(Source data)

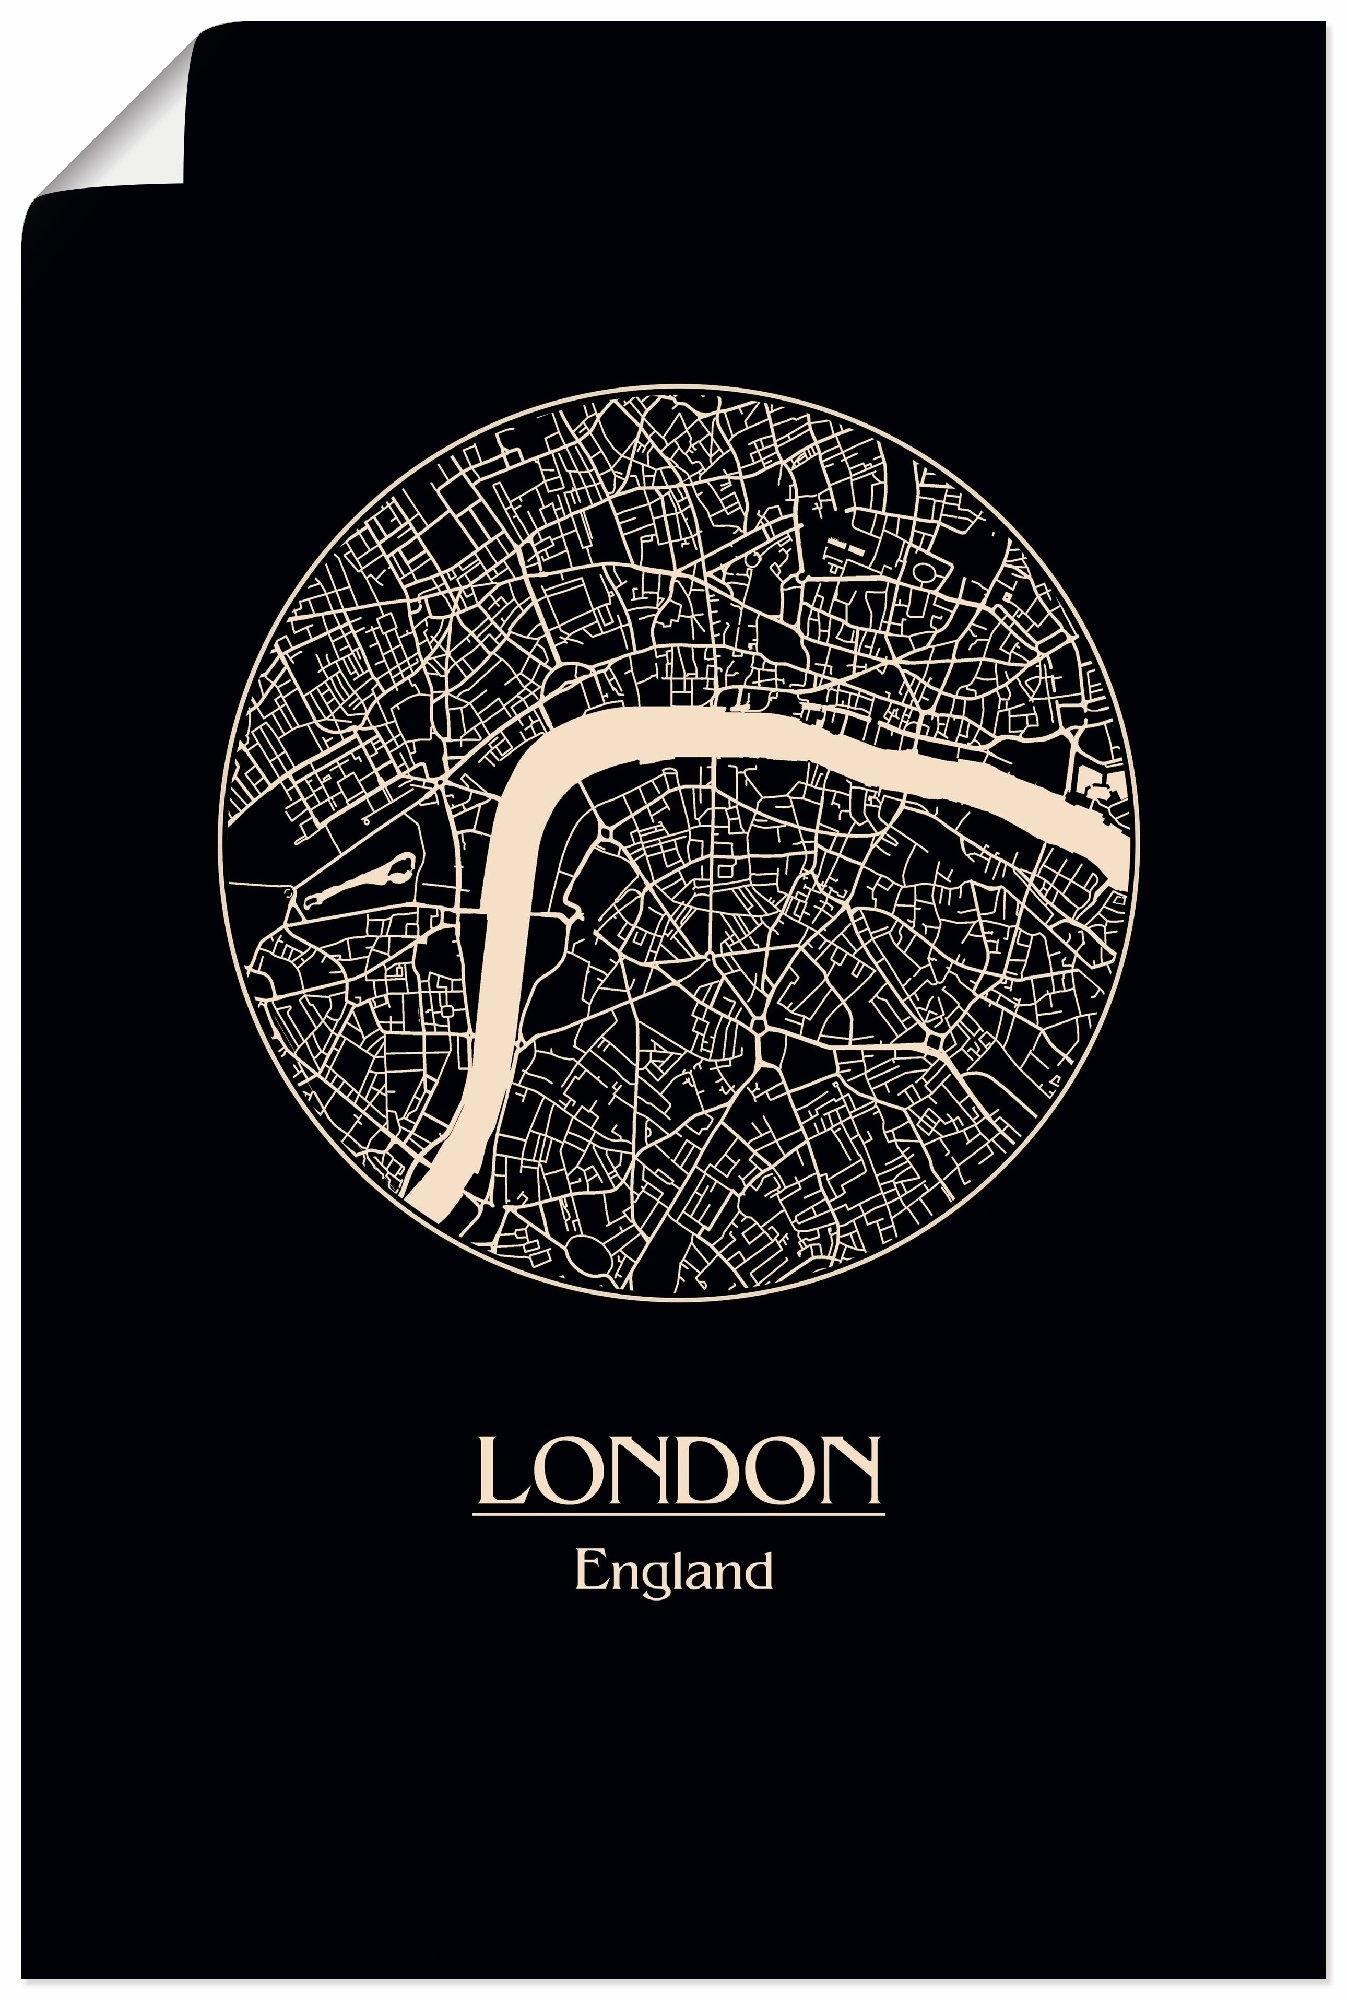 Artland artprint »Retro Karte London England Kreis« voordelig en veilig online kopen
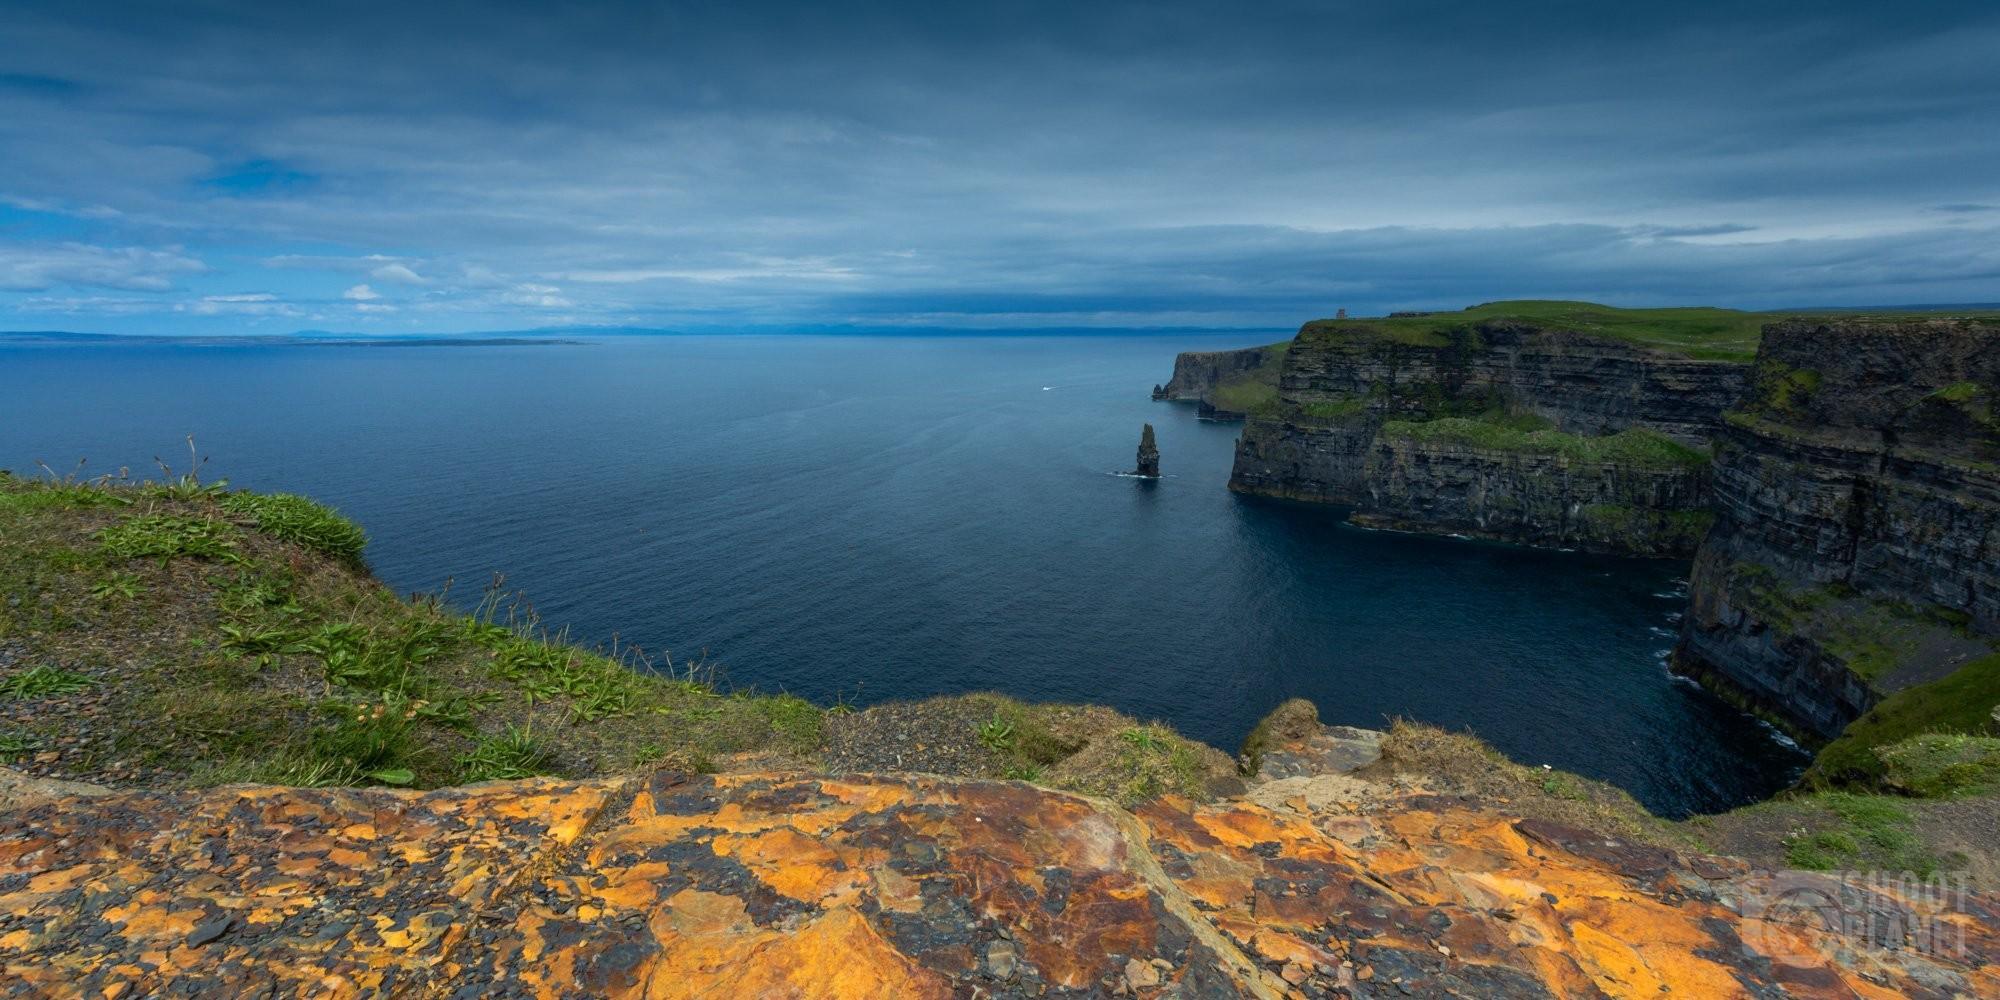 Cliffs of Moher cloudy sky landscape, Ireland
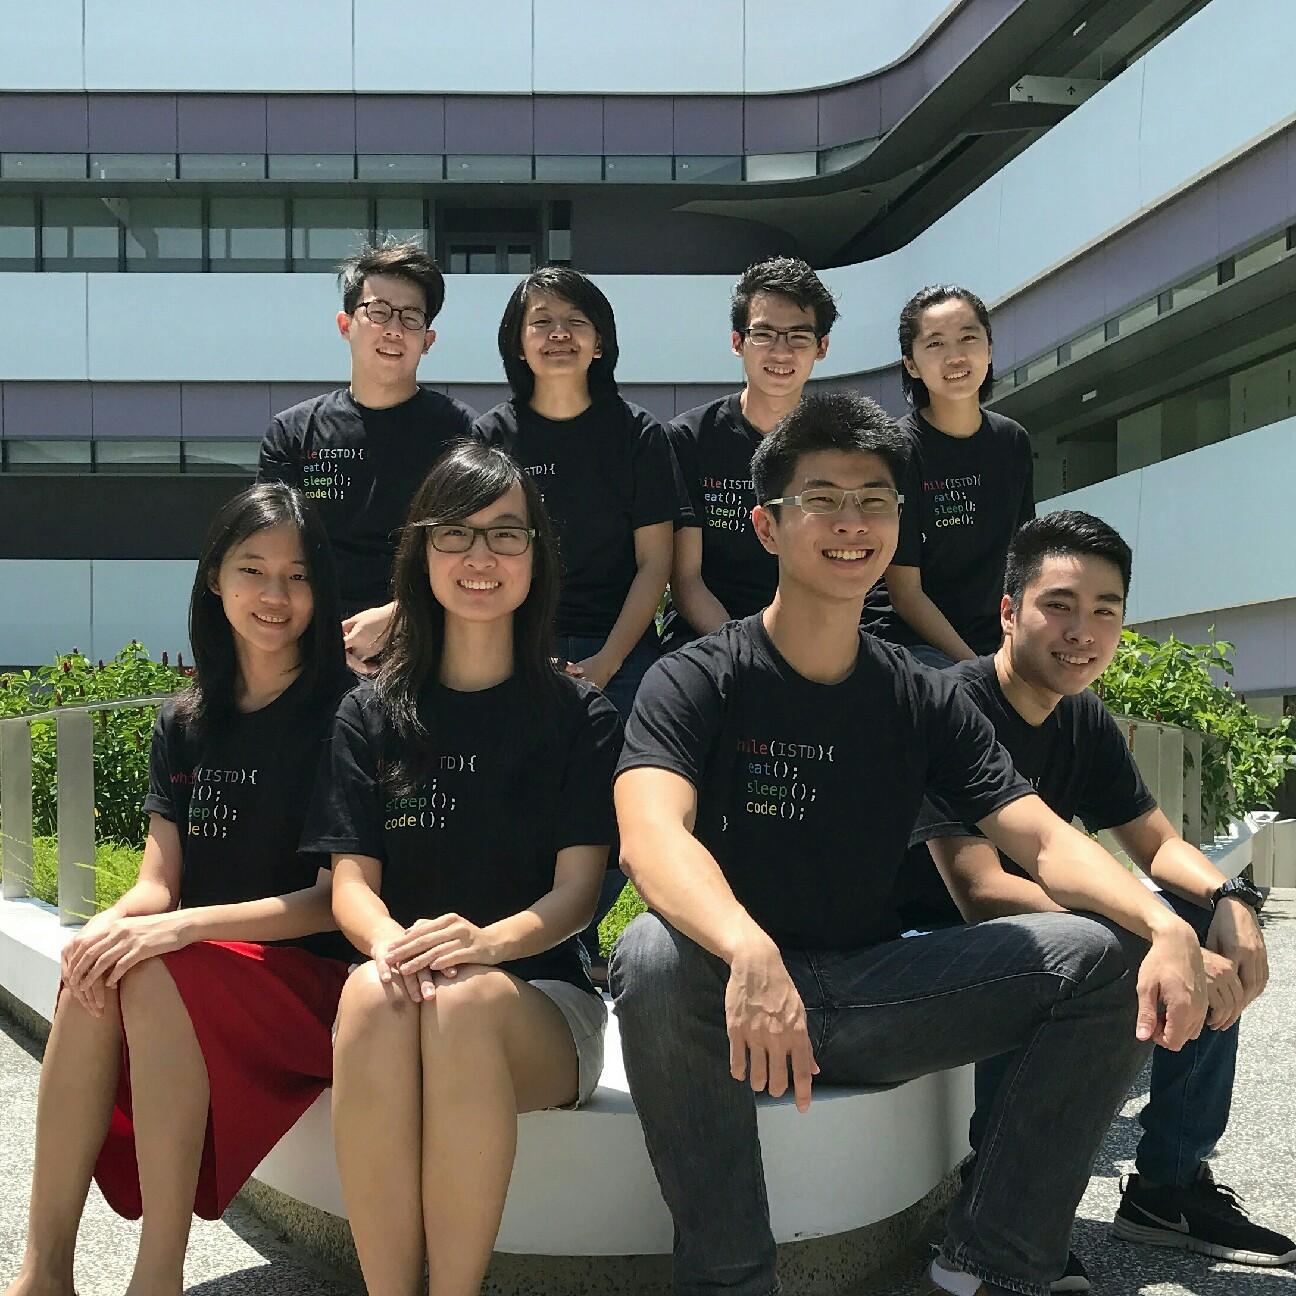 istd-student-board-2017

(End Source data)

**Exercise details**
Repeat, exactly and only, the lines from the one containing "Cliffs of Moher" through the final line of the data, both ends included, leaving out any picture.

**Your response**
 Cliffs of Moher cloudy sky landscape, Ireland
 istd-student-board-2017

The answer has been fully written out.